▶ [PROVIDED ENTRIES]
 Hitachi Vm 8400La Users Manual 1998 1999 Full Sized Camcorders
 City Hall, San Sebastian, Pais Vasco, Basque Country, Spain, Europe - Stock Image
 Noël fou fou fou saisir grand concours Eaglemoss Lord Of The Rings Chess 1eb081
...
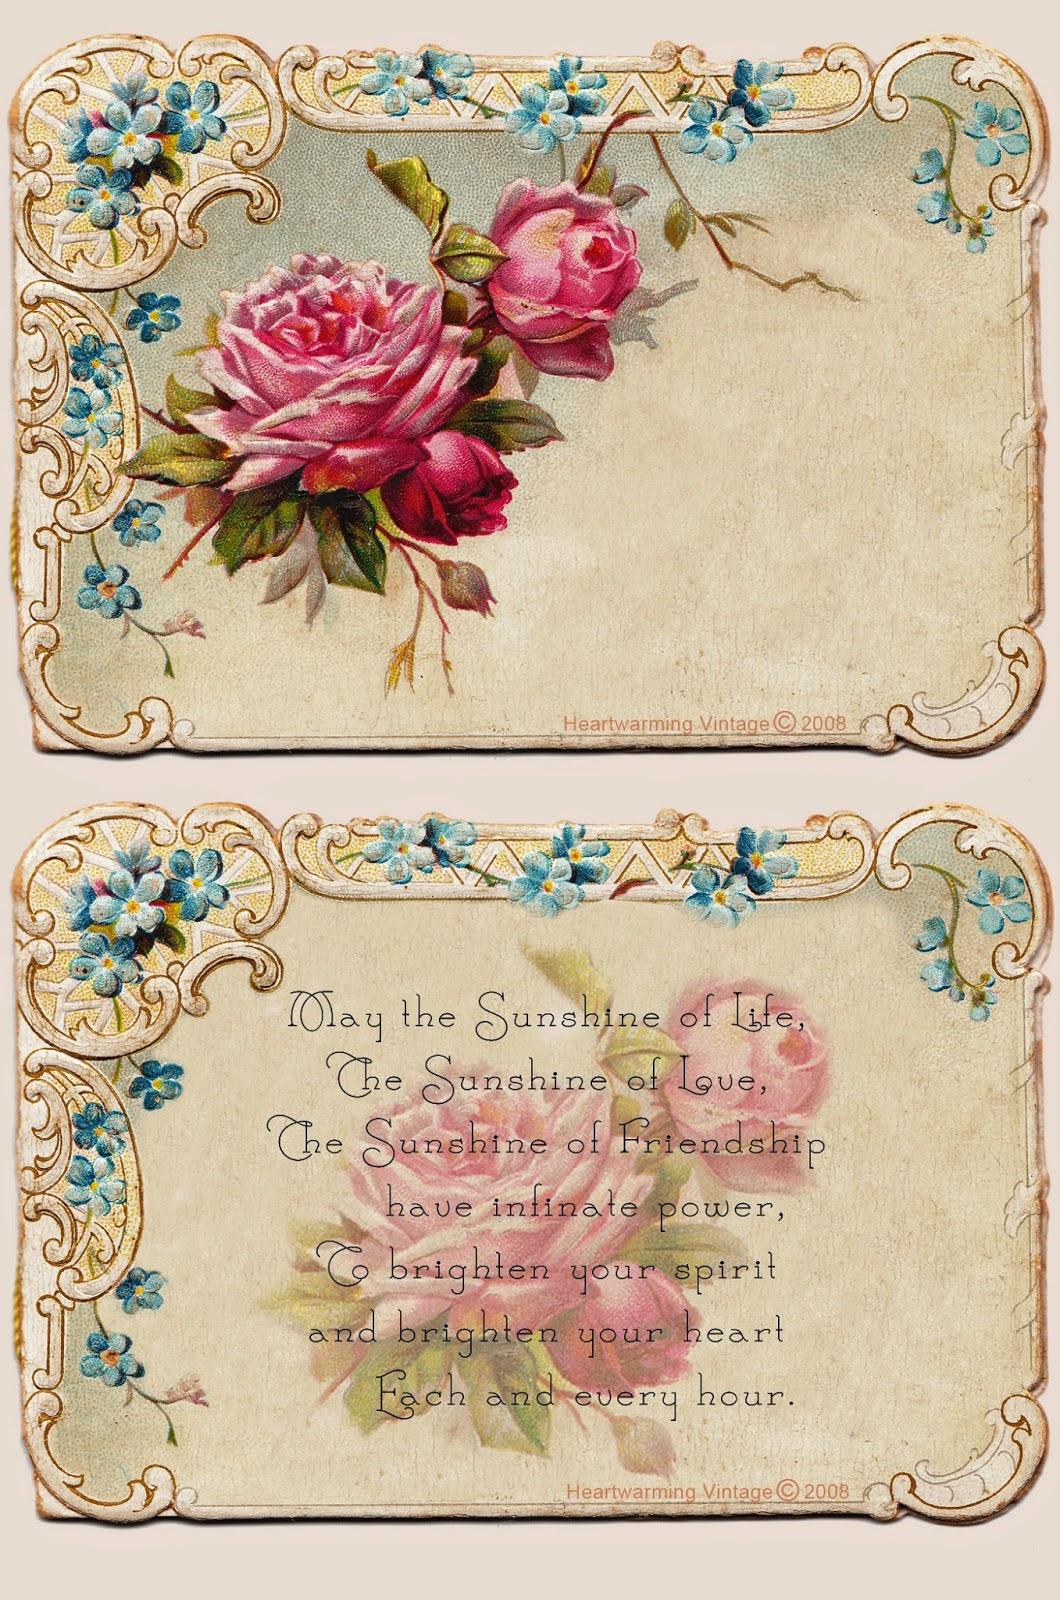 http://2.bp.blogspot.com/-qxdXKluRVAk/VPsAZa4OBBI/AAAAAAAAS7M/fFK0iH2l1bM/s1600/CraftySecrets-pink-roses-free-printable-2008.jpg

▶ [BRIEF] Within the material above, extract exactly the lines that start at the line containing "Hitachi Vm 8400La" and stop after the line containing "Noël fou fou", and only those.

▶ [OUTPUT OF THE TASK]
 Hitachi Vm 8400La Users Manual 1998 1999 Full Sized Camcorders
 City Hall, San Sebastian, Pais Vasco, Basque Country, Spain, Europe - Stock Image
 Noël fou fou fou saisir grand concours Eaglemoss Lord Of The Rings Chess 1eb081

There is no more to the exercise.